July 27–31, 2011 | Johannes Hoffart¹, Mohamed Amir Yosef¹, Ilaria Bordino², Hagen Fürstenau³, Manfred Pinkal³, Marc Spaniol¹, Bilyana Taneva¹, Stefan Thater³, Gerhard Weikum¹
This paper presents a robust method for collective disambiguation of named entities in text. The approach combines three measures: prior probability of an entity being mentioned, similarity between the contexts of a mention and a candidate entity, and coherence among candidate entities for all mentions. The method builds a weighted graph of mentions and candidate entities, and computes a dense subgraph that approximates the best joint mention-entity mapping. Experiments show that the new method significantly outperforms prior methods in terms of accuracy, with robust behavior across a variety of inputs.
The paper introduces a framework that integrates popularity priors, similarity measures, and coherence into a robust disambiguation method. It also presents new measures for defining mention-entity similarity and a new algorithm for computing dense subgraphs in a mention-entity graph, which produces high-quality mention-entity mappings. The method is evaluated on a demanding corpus, showing significant improvements over state-of-the-art opponents.
The framework considers mentions of named entities in text and maps them to their proper entries in a knowledge base. It uses existing knowledge bases like DBpedia or YAGO to identify entity candidates. The method combines popularity priors, similarity measures, and coherence to determine the best disambiguation. The framework includes robustness tests to selectively enable or disable components based on the input text.
The paper also discusses the state of the art in named entity disambiguation, including prior methods that use Wikipedia for explicit disambiguation and approaches that consider semantic coherence. The proposed method improves upon these by jointly considering multiple mentions in an input and aiming for a collective assignment onto entities.
The framework is evaluated on a dataset derived from the CoNLL 2003 NER task, showing significant improvements in precision and recall. The results demonstrate that the proposed method outperforms existing approaches, particularly in handling ambiguous and long-tailed entity mentions. The method is implemented in a prototype system called AIDA, which provides an integrated NED method using popularity, similarity, and graph-based coherence. The system is fully implemented and accessible online. Future work will consider additional semantic properties between entities to further enhance the coherence algorithm.This paper presents a robust method for collective disambiguation of named entities in text. The approach combines three measures: prior probability of an entity being mentioned, similarity between the contexts of a mention and a candidate entity, and coherence among candidate entities for all mentions. The method builds a weighted graph of mentions and candidate entities, and computes a dense subgraph that approximates the best joint mention-entity mapping. Experiments show that the new method significantly outperforms prior methods in terms of accuracy, with robust behavior across a variety of inputs.

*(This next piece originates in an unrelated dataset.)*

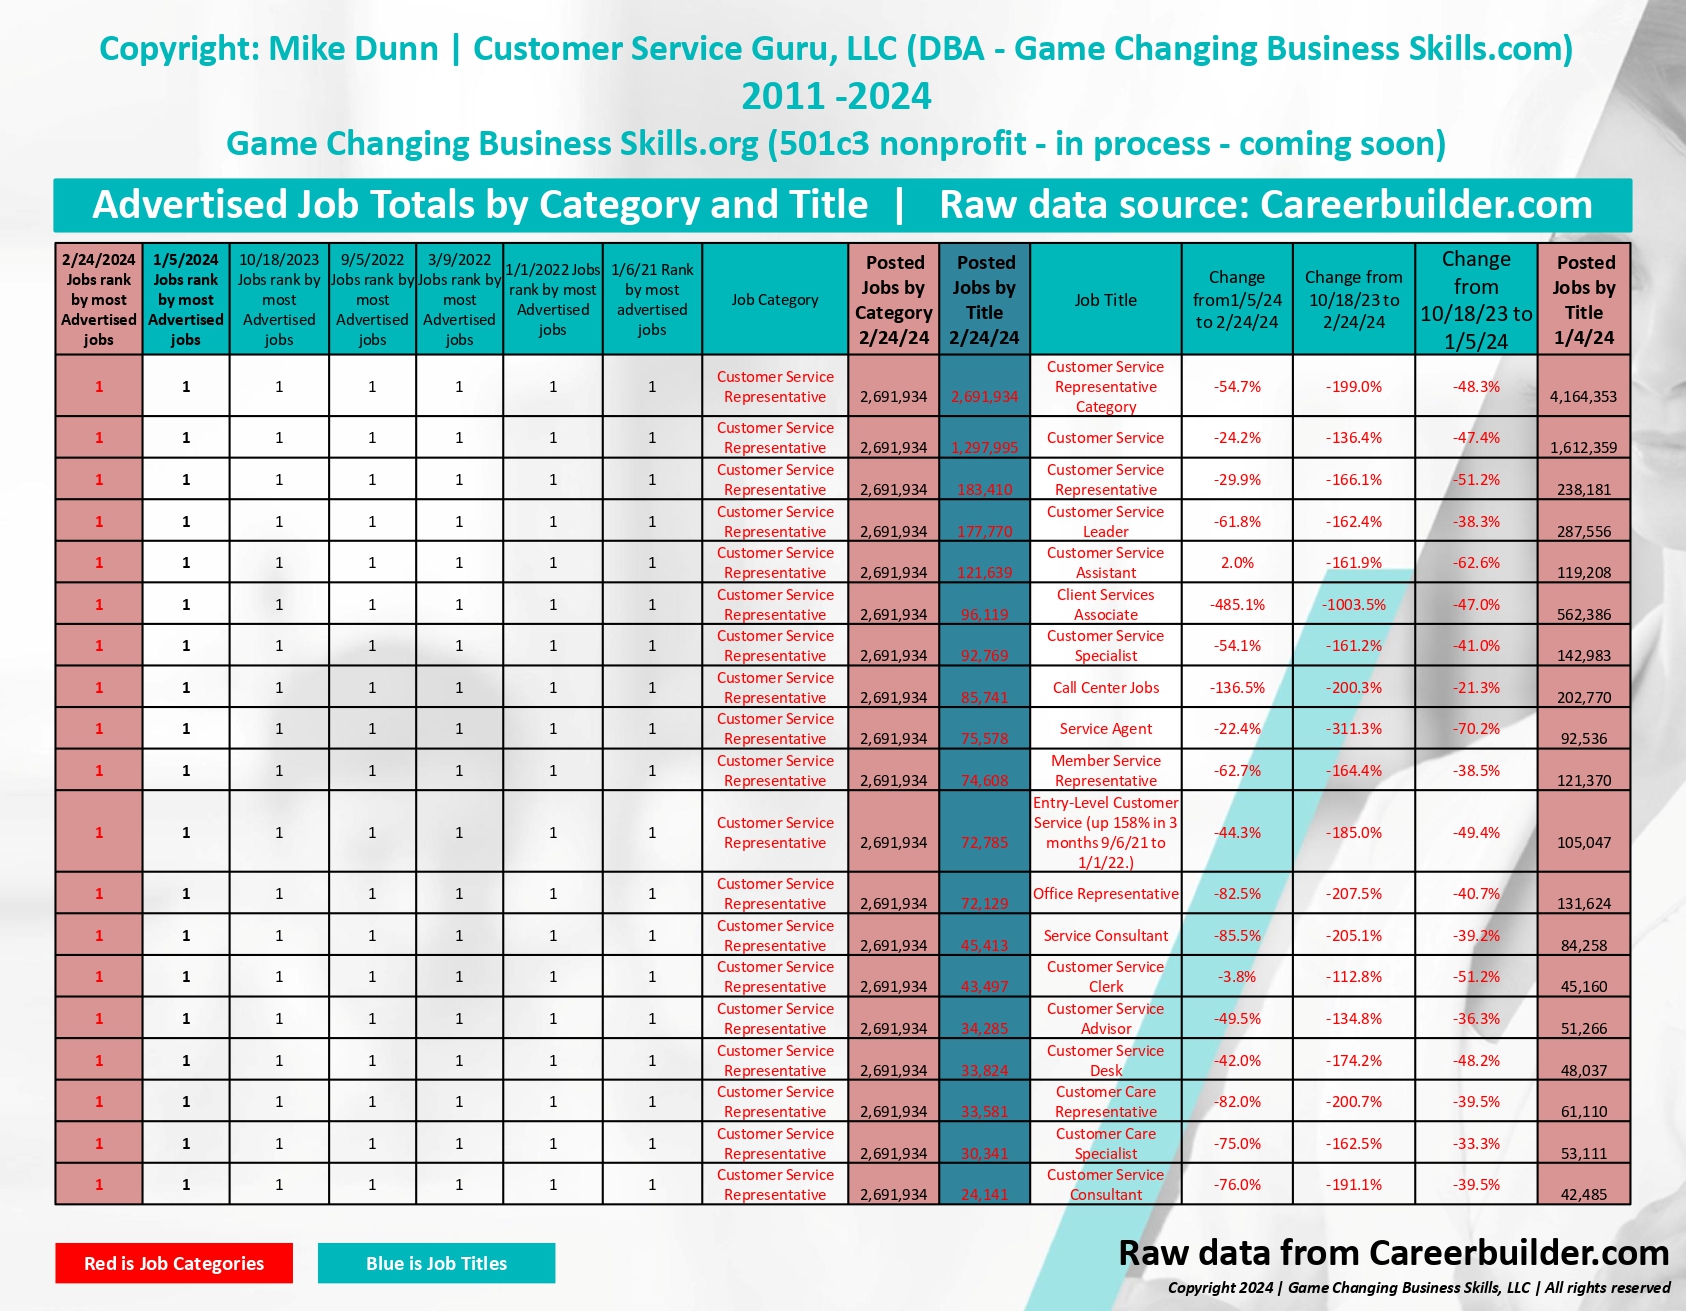 List of customer service jobs by title as of 02/24/24

The paper introduces a framework that integrates popularity priors, similarity measures, and coherence into a robust disambiguation method. It also presents new measures for defining mention-entity similarity and a new algorithm for computing dense subgraphs in a mention-entity graph, which produces high-quality mention-entity mappings. The method is evaluated on a demanding corpus, showing significant improvements over state-of-the-art opponents.

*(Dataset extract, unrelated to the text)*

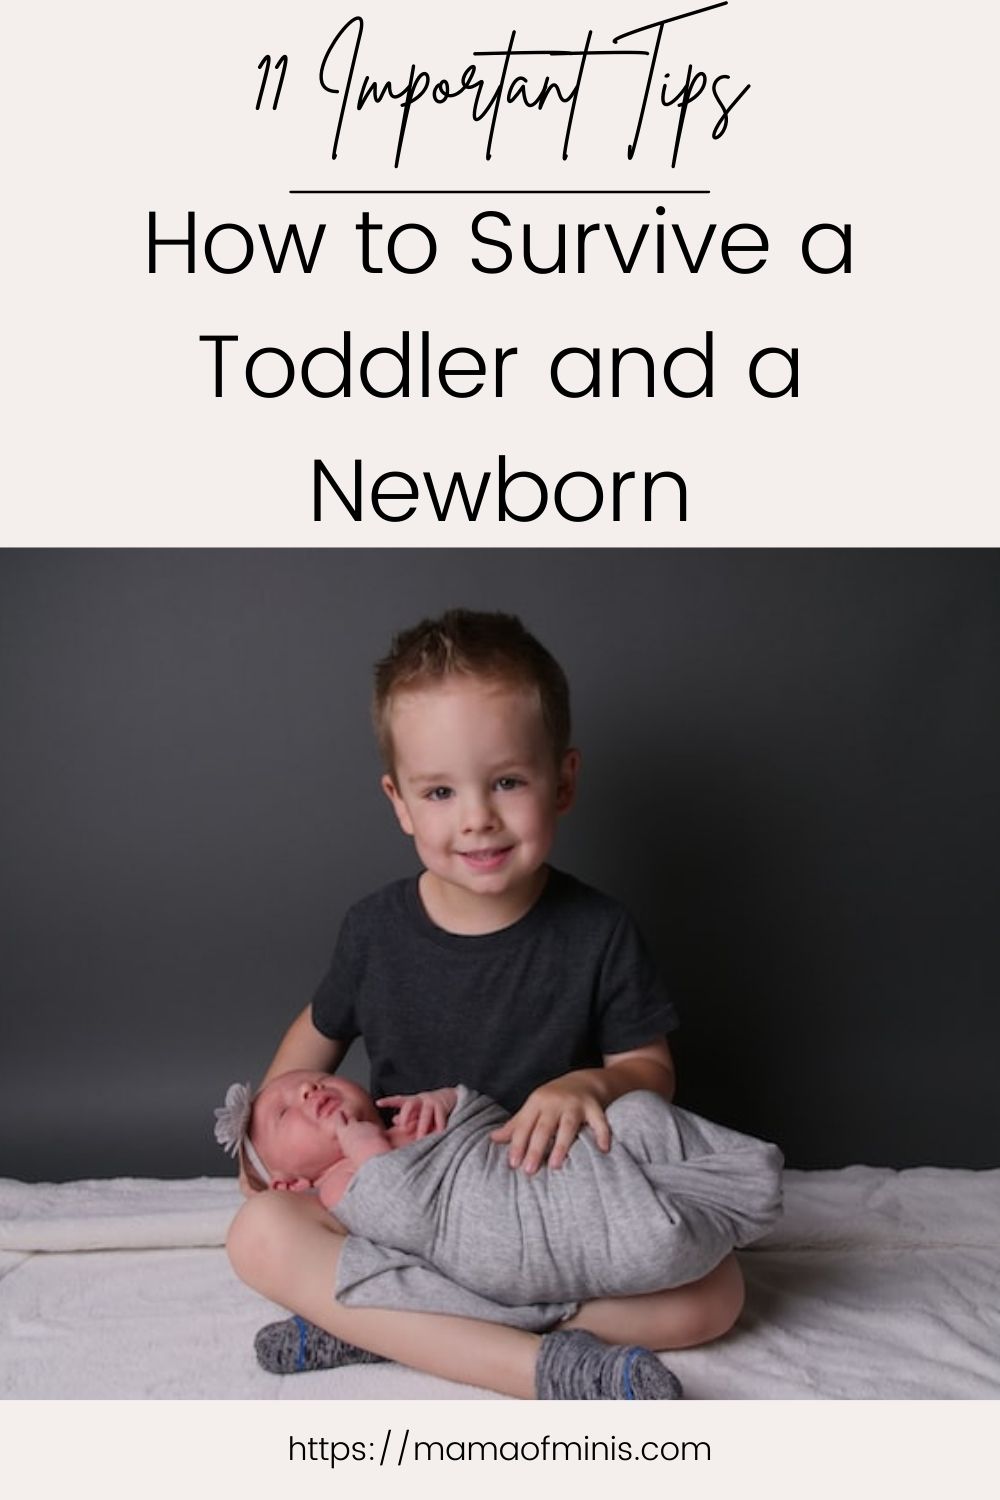 Tips to Survive a Toddler and Newborn Pin

The framework considers mentions of named entities in text and maps them to their proper entries in a knowledge base. It uses existing knowledge bases like DBpedia or YAGO to identify entity candidates. The method combines popularity priors, similarity measures, and coherence to determine the best disambiguation. The framework includes robustness tests to selectively enable or disable components based on the input text.
The paper also discusses the state of the art in named entity disambiguation, including prior methods that use Wikipedia for explicit disambiguation and approaches that consider semantic coherence. The proposed method improves upon these by jointly considering multiple mentions in an input and aiming for a collective assignment onto entities.
The framework is evaluated on a dataset derived from the CoNLL 2003 NER task, showing significant improvements in precision and recall. The results demonstrate that the proposed method outperforms existing approaches, particularly in handling ambiguous and long-tailed entity mentions. The method is implemented in a prototype system called AIDA, which provides an integrated NED method using popularity, similarity, and graph-based coherence. The system is fully implemented and accessible online. Future work will consider additional semantic properties between entities to further enhance the coherence algorithm.